Illumination adaptive person reid based on teacher-student model and adversarial training
This addresses a critical robustness issue in ReID for surveillance and security applications, but it is incremental as it builds on existing teacher-student and adversarial training methods.
The paper tackles the problem of illumination changes affecting Person Re-identification (ReID) robustness by proposing a Two-Stream Network that separates ReID features from lighting features, achieving state-of-the-art performance on augmented datasets from Market1501 and DukeMTMC-ReID, particularly in extremely low-light conditions.

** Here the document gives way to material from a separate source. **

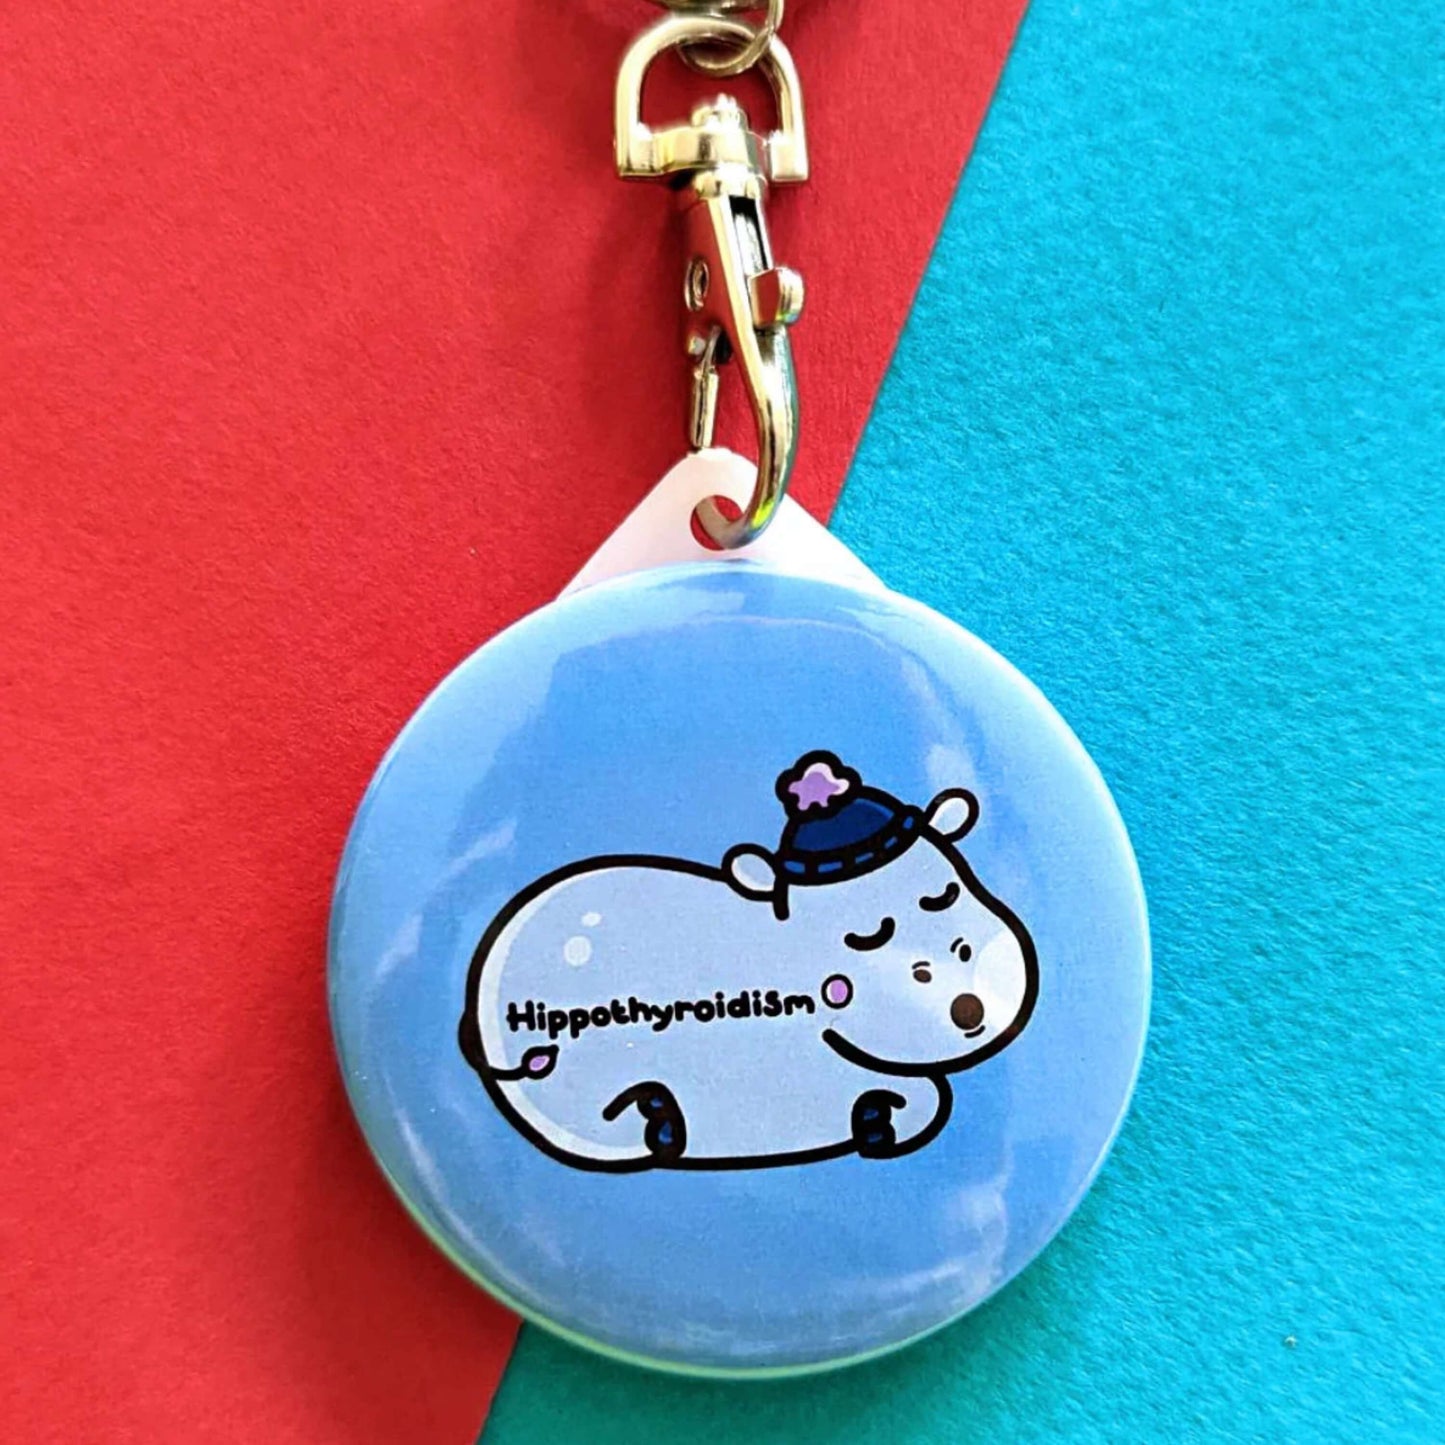 Hippothyroidism Keyring - Hypothyroidism on a red and blue background. The circular blue key ring has an illustration of a sleeping hippo wearing a blue wooly hat with Hippothyroidism written across its body. The hand drawn design is made to raise awareness for Hypothyroidism.

Most existing works in Person Re-identification (ReID) focus on settings where illumination either is kept the same or has very little fluctuation. However, the changes in the illumination degree may affect the robustness of a ReID algorithm significantly. To address this problem, we proposed a Two-Stream Network that can separate ReID features from lighting features to enhance ReID performance. Its innovations are threefold: (1) A discriminative entropy loss to ensure the ReID features contain no lighting information. (2) A ReID Teacher model trained by images under "neutral" lighting conditions to guide ReID classification. (3) An illumination Teacher model trained by the differences between the illumination-adjusted and original images to guide illumination classification. We construct two augmented datasets by synthetically changing a set of predefined lighting conditions in two of the most popular ReID benchmarks: Market1501 and DukeMTMC-ReID. Experiments demonstrate that our algorithm outperforms other state-of-the-art works and particularly potent in handling images under extremely low light.